### Supplied data
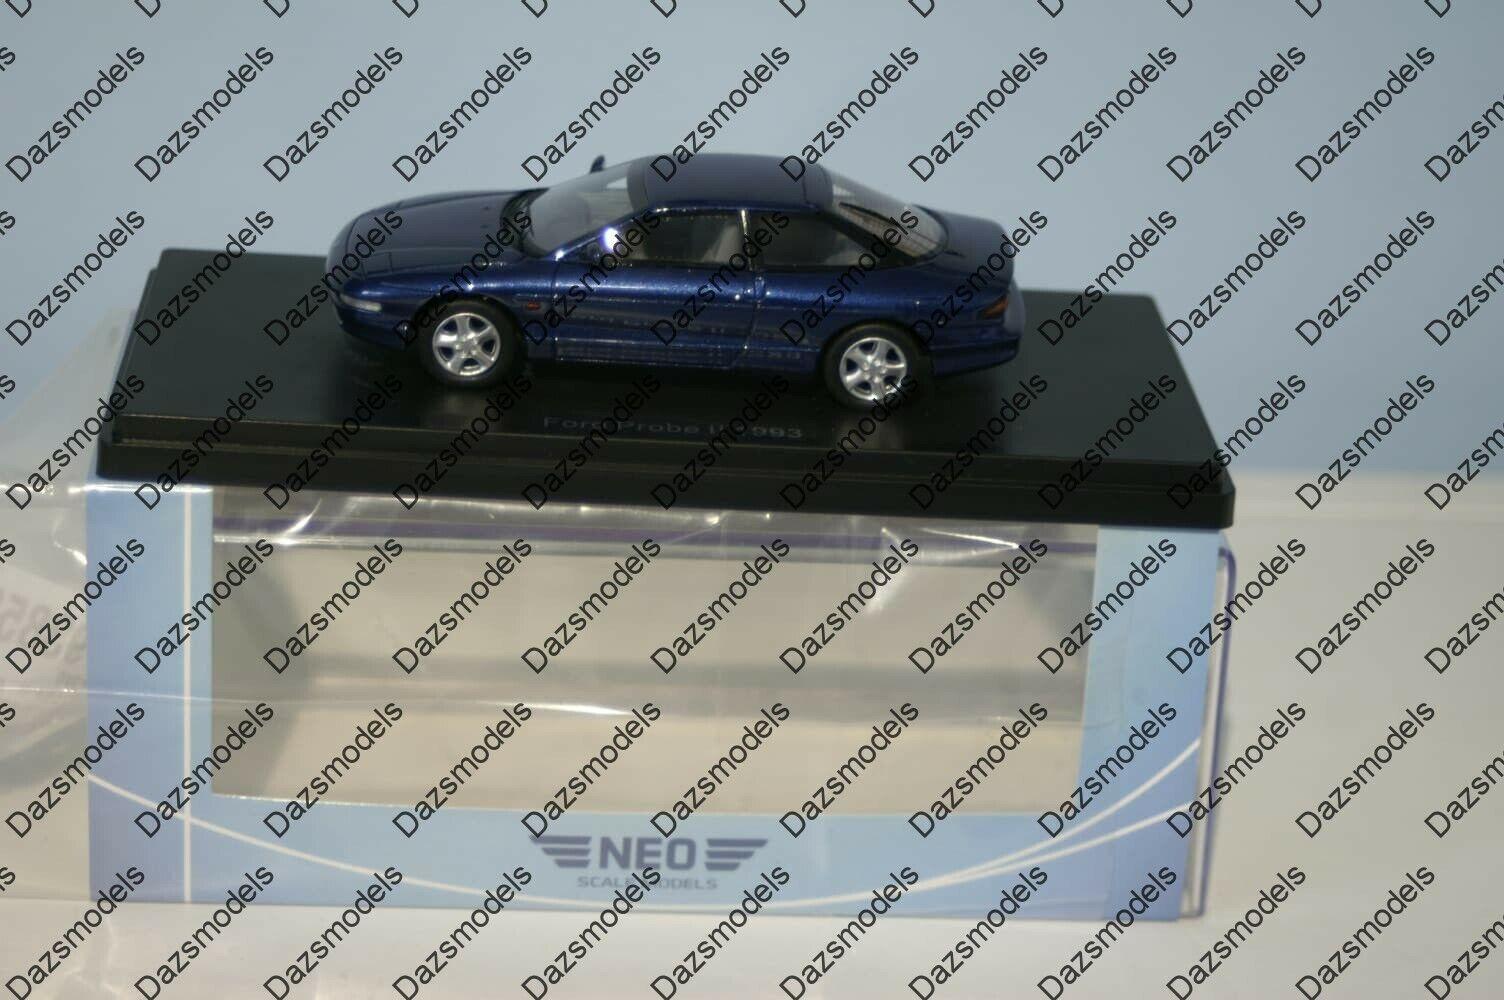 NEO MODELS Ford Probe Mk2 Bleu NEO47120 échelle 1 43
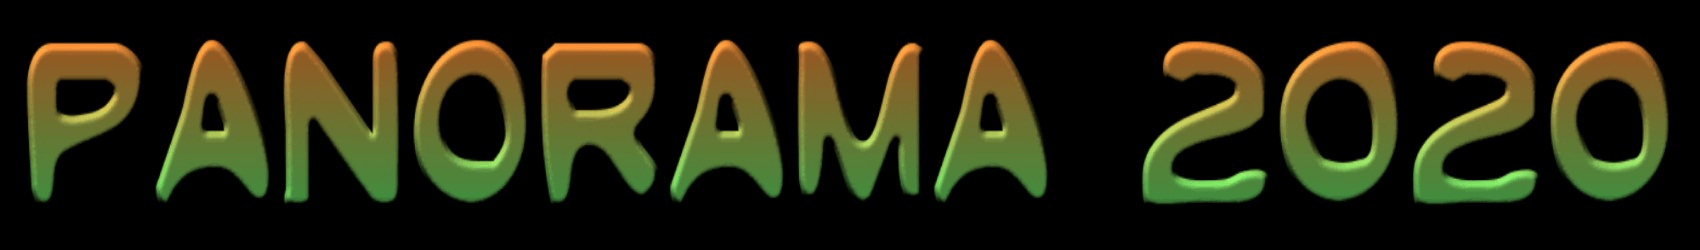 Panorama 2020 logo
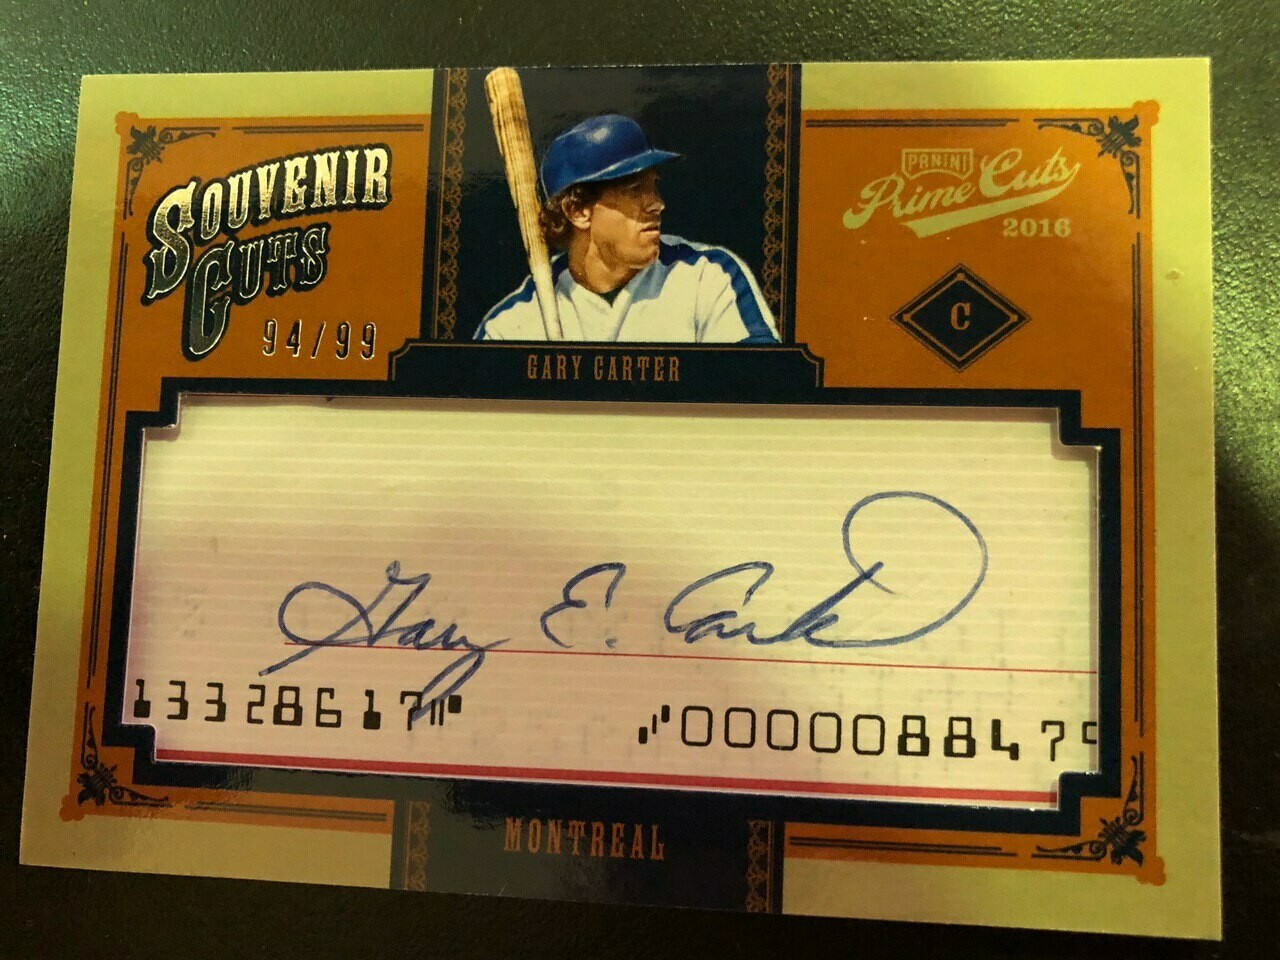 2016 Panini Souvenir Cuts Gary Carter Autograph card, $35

### Work required
All the lines above should be reproduced exactly, and none of the pictures.

### Response to the task
 NEO MODELS Ford Probe Mk2 Bleu NEO47120 échelle 1 43
 Panorama 2020 logo
 2016 Panini Souvenir Cuts Gary Carter Autograph card, $35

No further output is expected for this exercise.